Until Europa's External Borders are severely protected using all measures, individual nations, mainly in Eastern and Balkan areas must take their own measures to protect not only their nations, but the Continent as a whole.

Should we have a repeat performance this Summer like last Summer, then International Law will have to go out of the window.


----------



## Lucy Hamilton (May 31, 2016)

montelatici said:


> Lucy Hamilton said:
> 
> 
> > frigidweirdo said:
> ...



It wasn't that Greece wasn't allowed, it's that Greece didn't do anything at all. The Greeks have been slack from day one, now the Macedonians are doing the job at the Macedonia-Greek border that the Greeks should have been doing themselves.


----------



## montelatici (May 31, 2016)

Greeks were prohibited returning or stopping the migrants from entering Greece and risked EU sanctions had they done so until the agreement with Turkey was signed.  Even that agreement runs counter to international law according to the UN and will probably be deemed illegal like the Naru agreement Australia has.


----------



## Tilly (May 31, 2016)

Tommy Tainant said:


> Lucy Hamilton said:
> 
> 
> > Dale Smith said:
> ...


Then use ear muffs when you do, creep.


----------



## Lucy Hamilton (May 31, 2016)

montelatici said:


> Greeks were prohibited returning or stopping the migrants from entering Greece and risked EU sanctions had they done so until the agreement with Turkey was signed.  Even that agreement runs counter to international law according to the UN and will probably be deemed illegal like the Naru agreement Australia has.



I'm not sure what the Naru agreement is, I'll have to read.

The EU Commission has been threatening nations with all sort of things, nobody cares and nobody is even listening to them anymore, which is why the sooner the EU Dictatorship collapses, the better for the whole Continent.

We survived for multiple Centuries WITHOUT the EU Commission, now the EU Commission is determined to destroy everything that European Civilisation has ever built and stood for, they're running the EU Commission like the Soviet Politburo.

We don't care about what the UN thinks, says or wants, the UN doesn't care about say Saudi Arabia breaking International Law.

If we have to dump International Law and also The Geneva Convention in order to save and preserve our Continent, then we will.
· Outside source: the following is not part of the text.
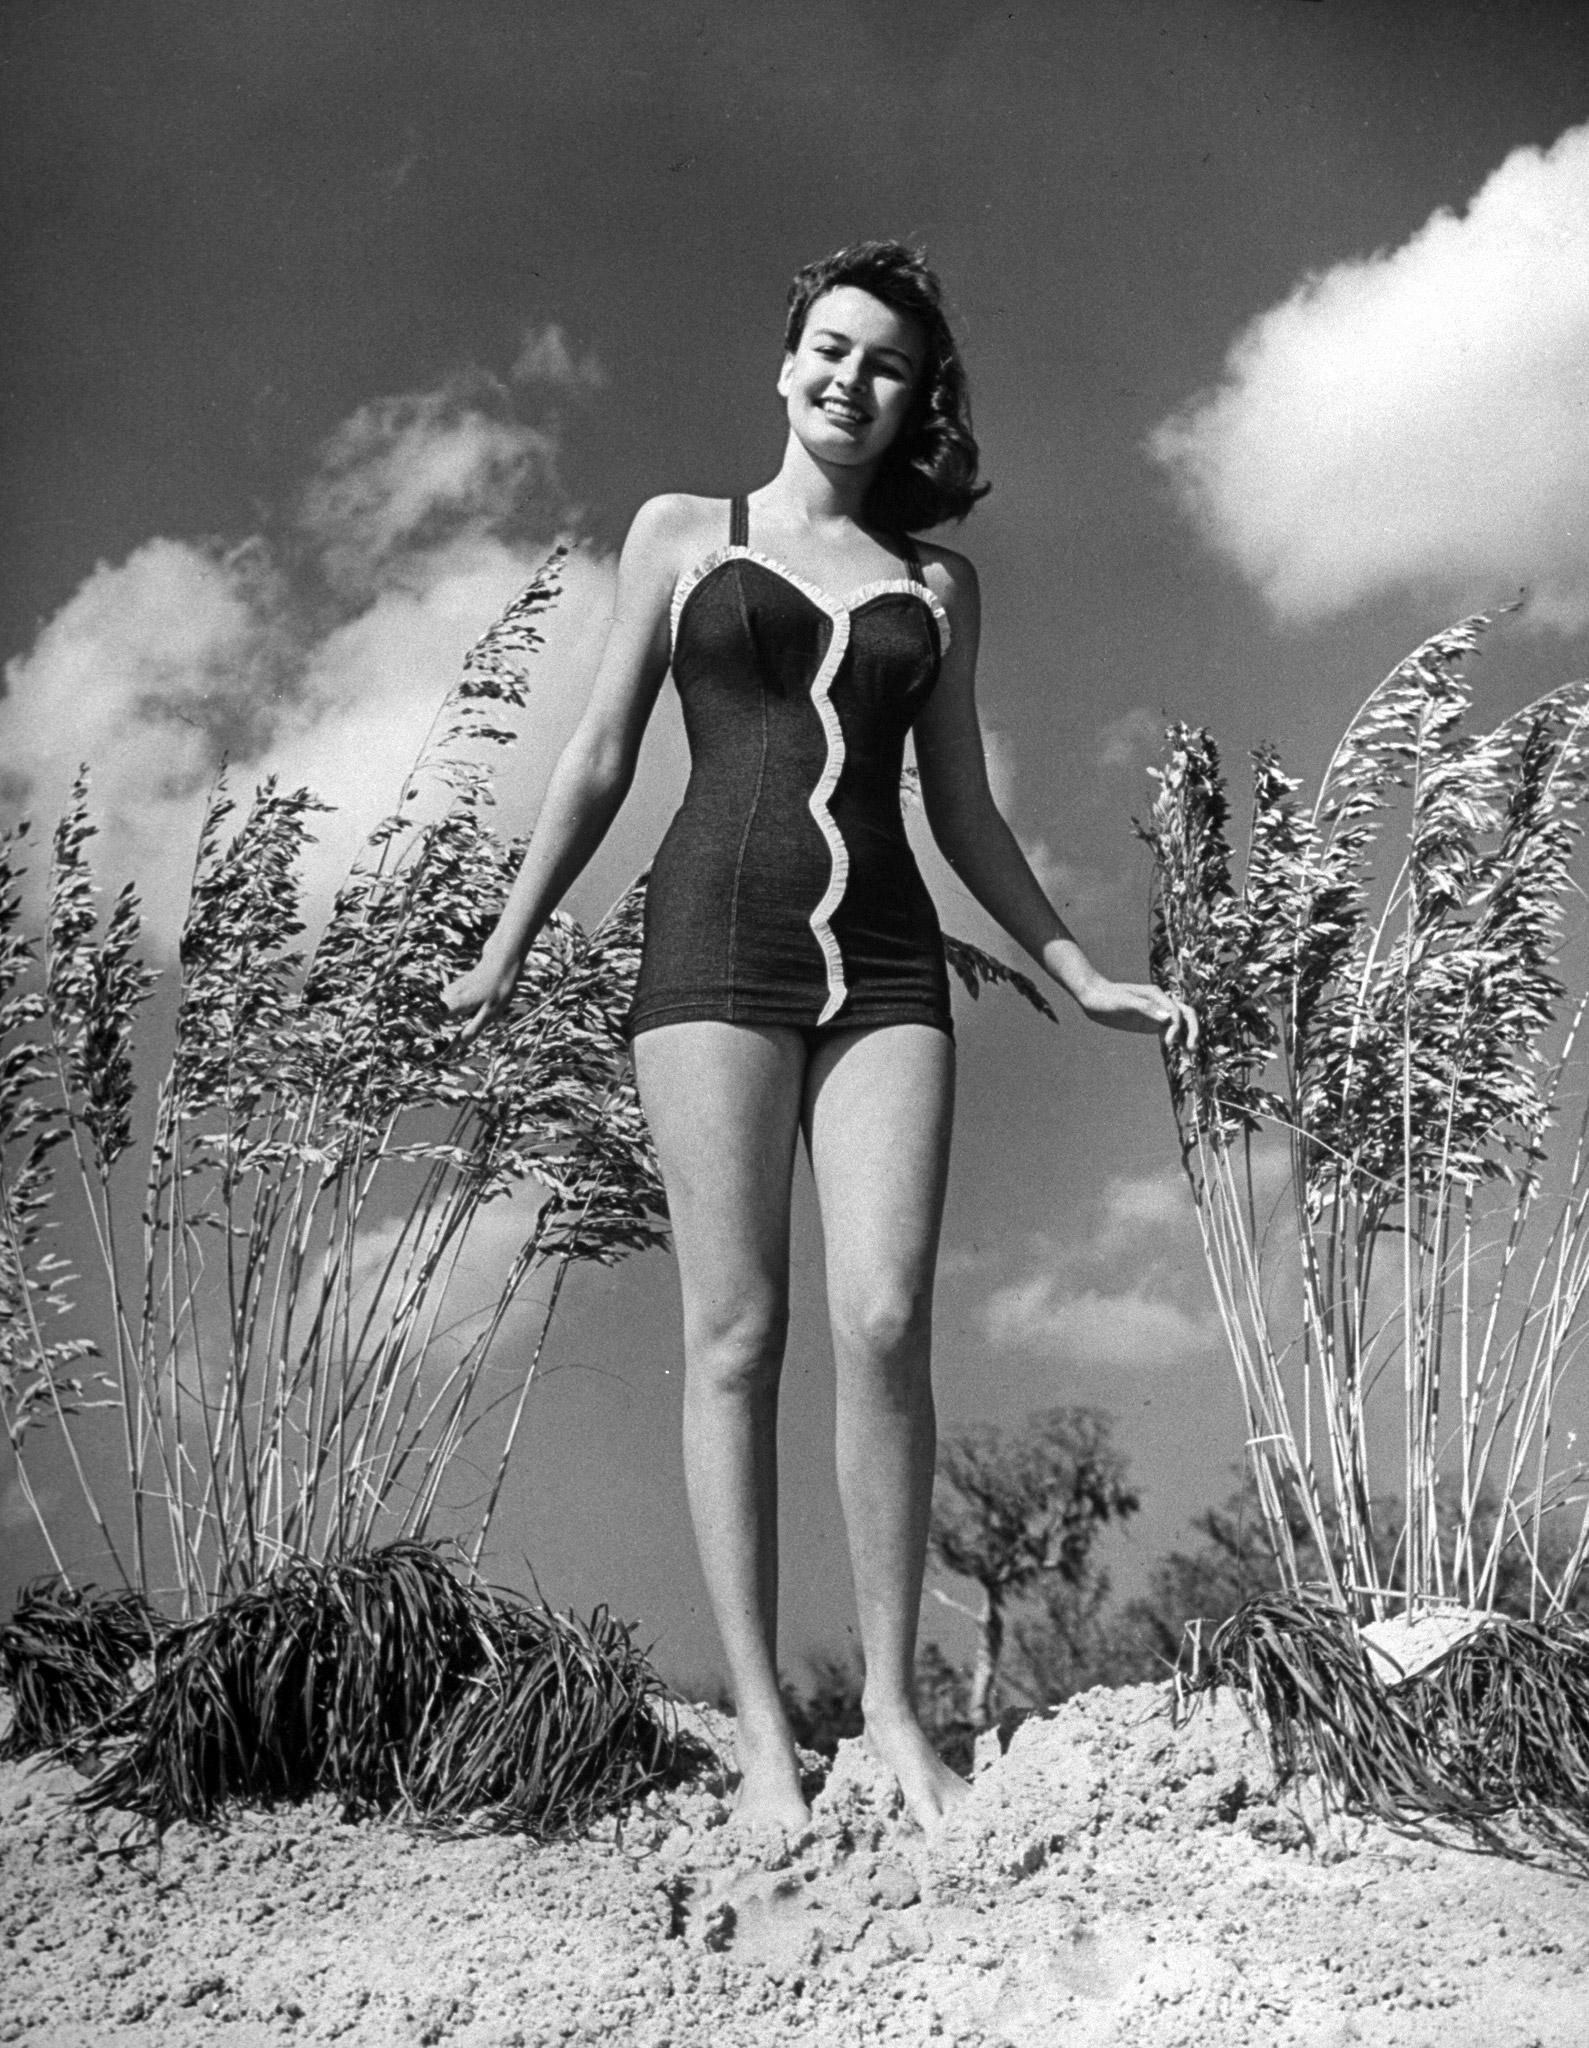 Model posing in bathing suit in Florida, circa 1945.

Should we have a repeat performance of the outrageous and often incomprehensible scenes of mass chaos that we witnessed last Summer, then this will be about our Continent's survival and that alone takes paramount importance over anything and everything.

Turkey is blackmailing the EU Commission, that a psychopathic thug such as Erdogan is allowed to do this is pathetic, and also where's the UN on Erdogan's human rights abuses, not only against the Kurds who he's having slaughtered but against the Turkish police and army actually shooting migrants and forcing others back across the Turkish-Syrian border.
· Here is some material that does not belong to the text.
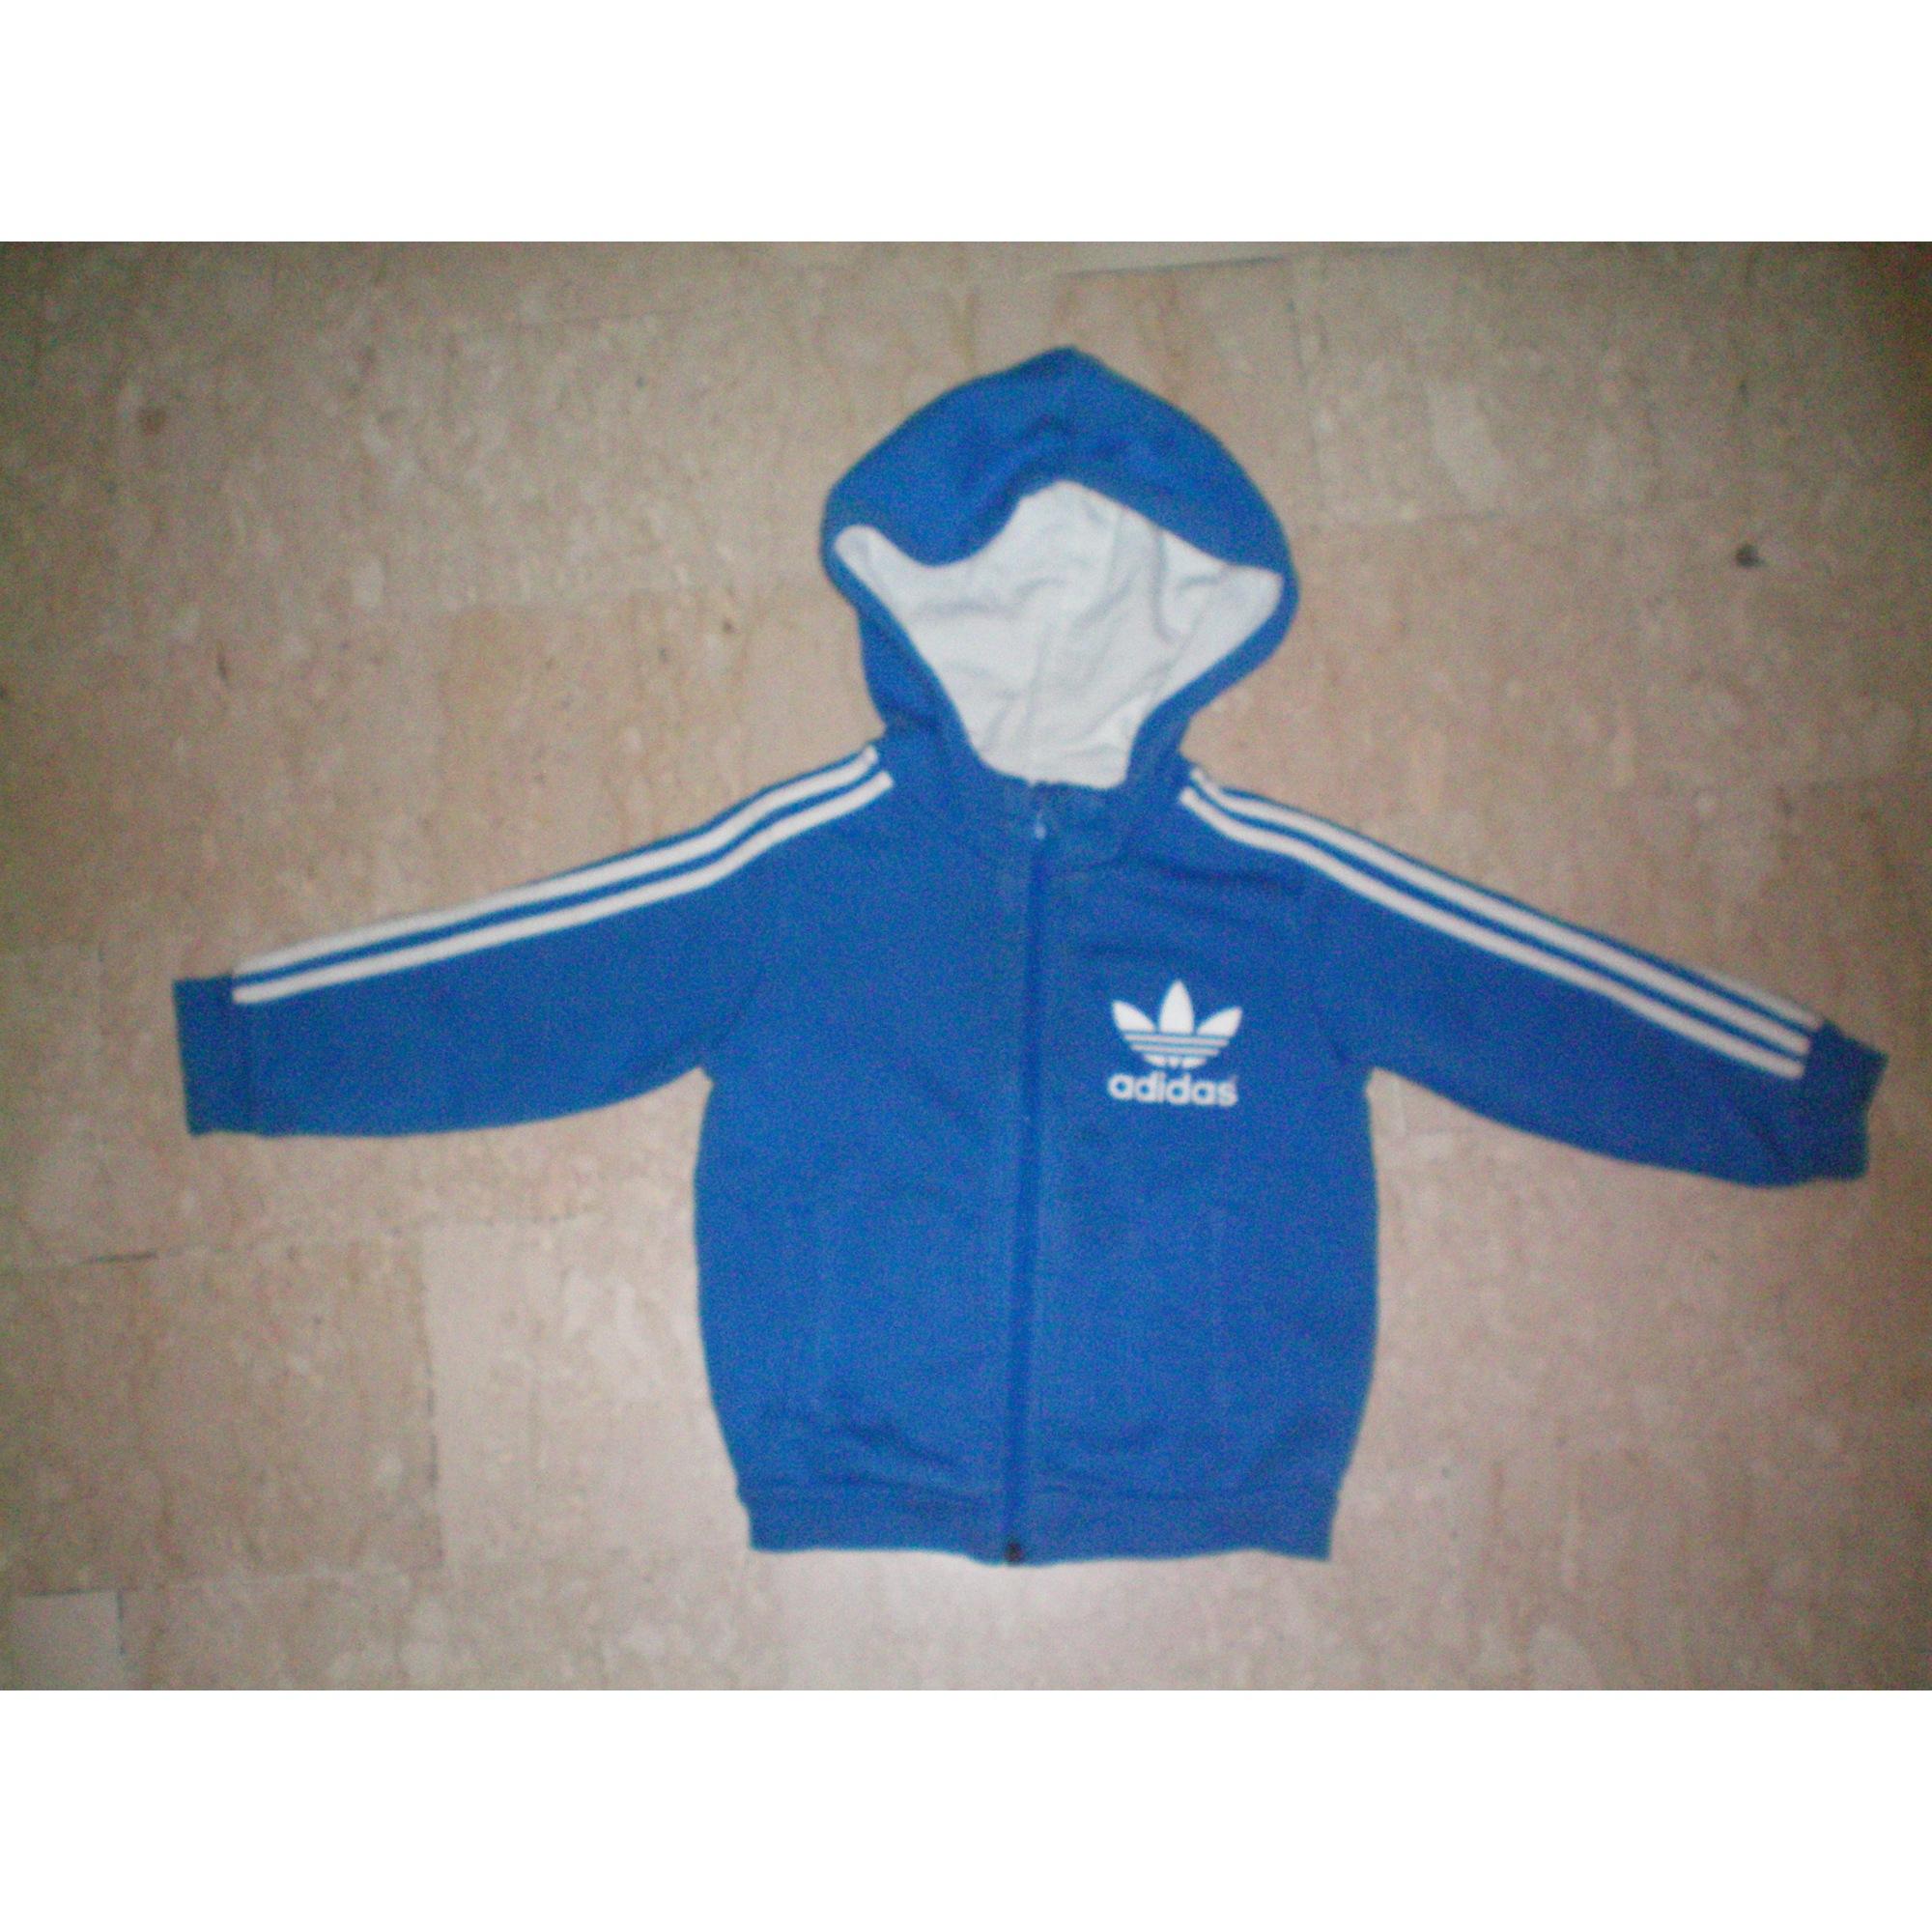 Veste ADIDAS Bleu, bleu marine, bleu turquoise

This Summer, any more crap like last Summer and we're going to have to put our foot down collectively and get hardcore with Zero Tolerance and if the UN says anything, we just ignore them.
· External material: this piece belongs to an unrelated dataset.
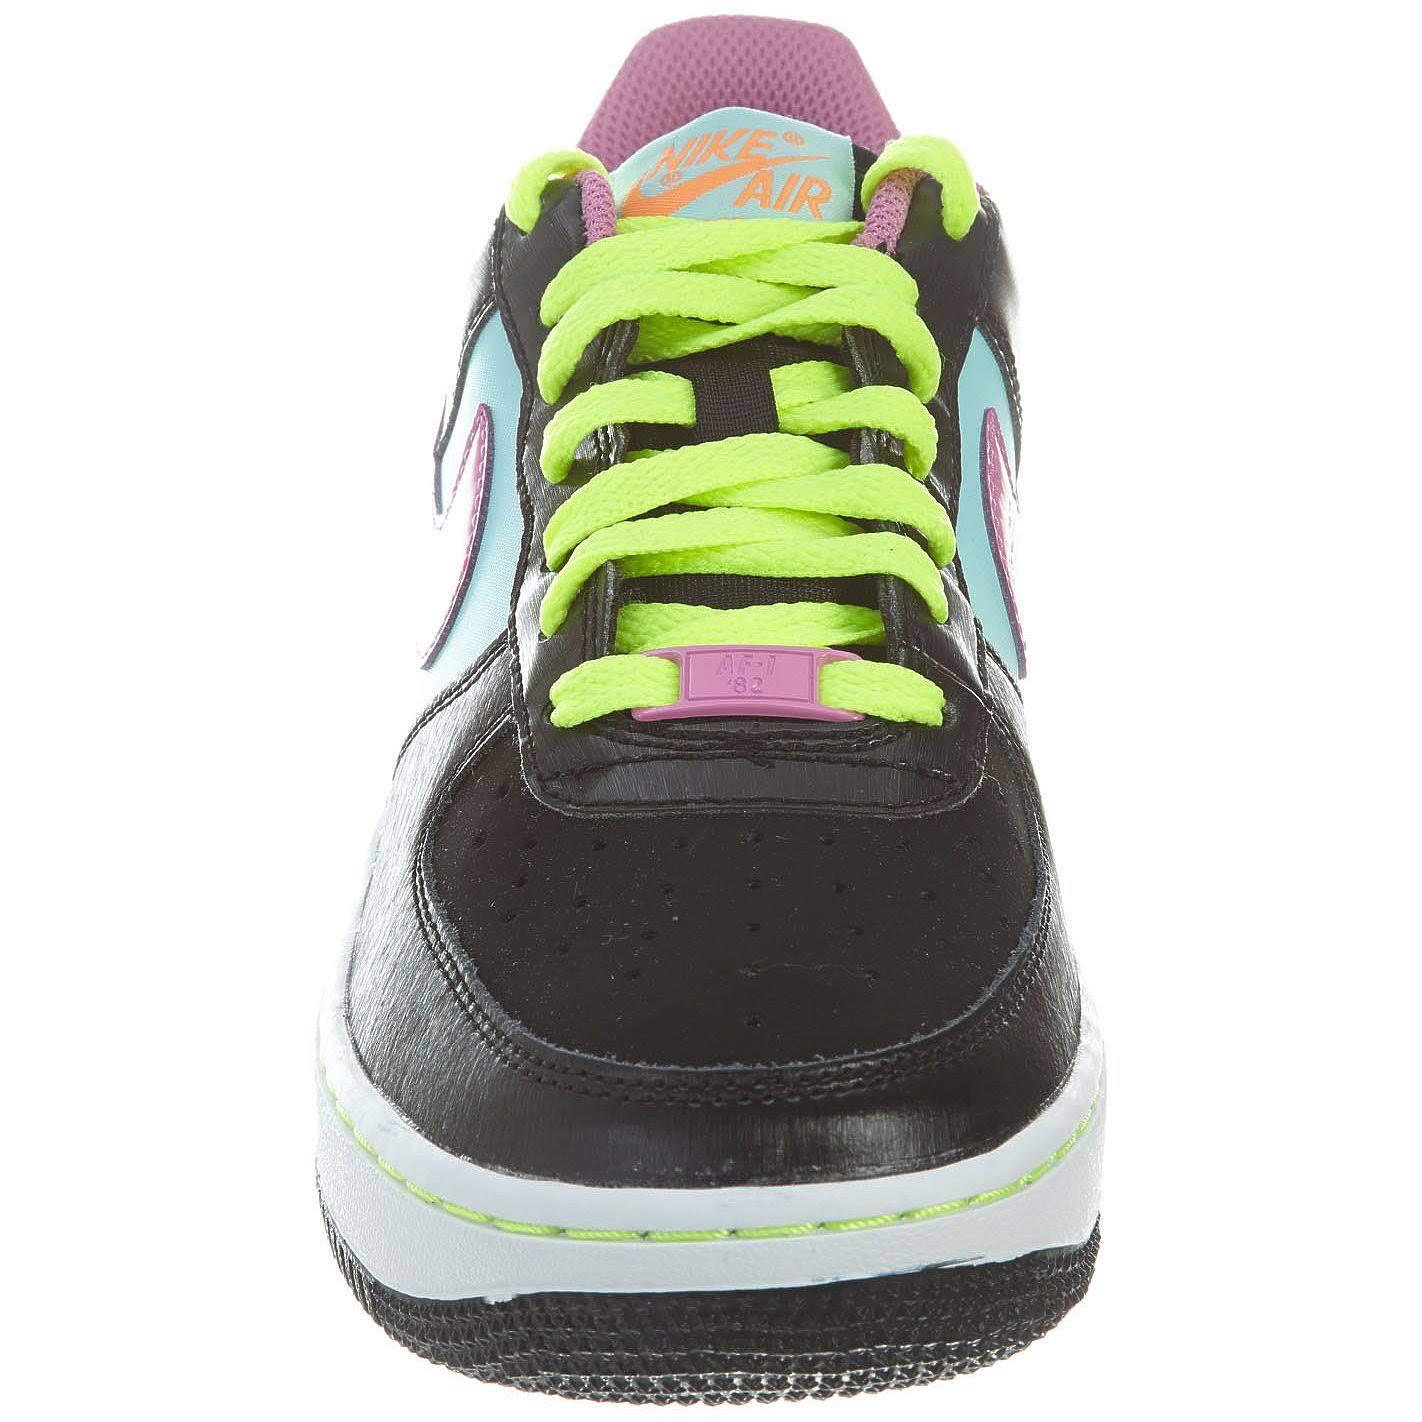 7 Style Big Kids Nike 009 314219 Force gs Air Tamaño 1 qPYv1

The UN cherry-picks, they sat there and did nothing during the Rwanda Genocide, they sat there for several years during The Balkans War, until they and NATO decided on the criminal action of bombing The Serbs, they've been sitting there for how long now whilst against International Law Saudi Arabia bombs Yemen, the poorest nation in the Middle East and slaughters Yemeni civilians, they've also sat there for ages whilst as everyone knows Turkey not only buys oil off ISIL/ISIS/Daesh but also provides them with weapons and treats their murderers in Turkish hospitals.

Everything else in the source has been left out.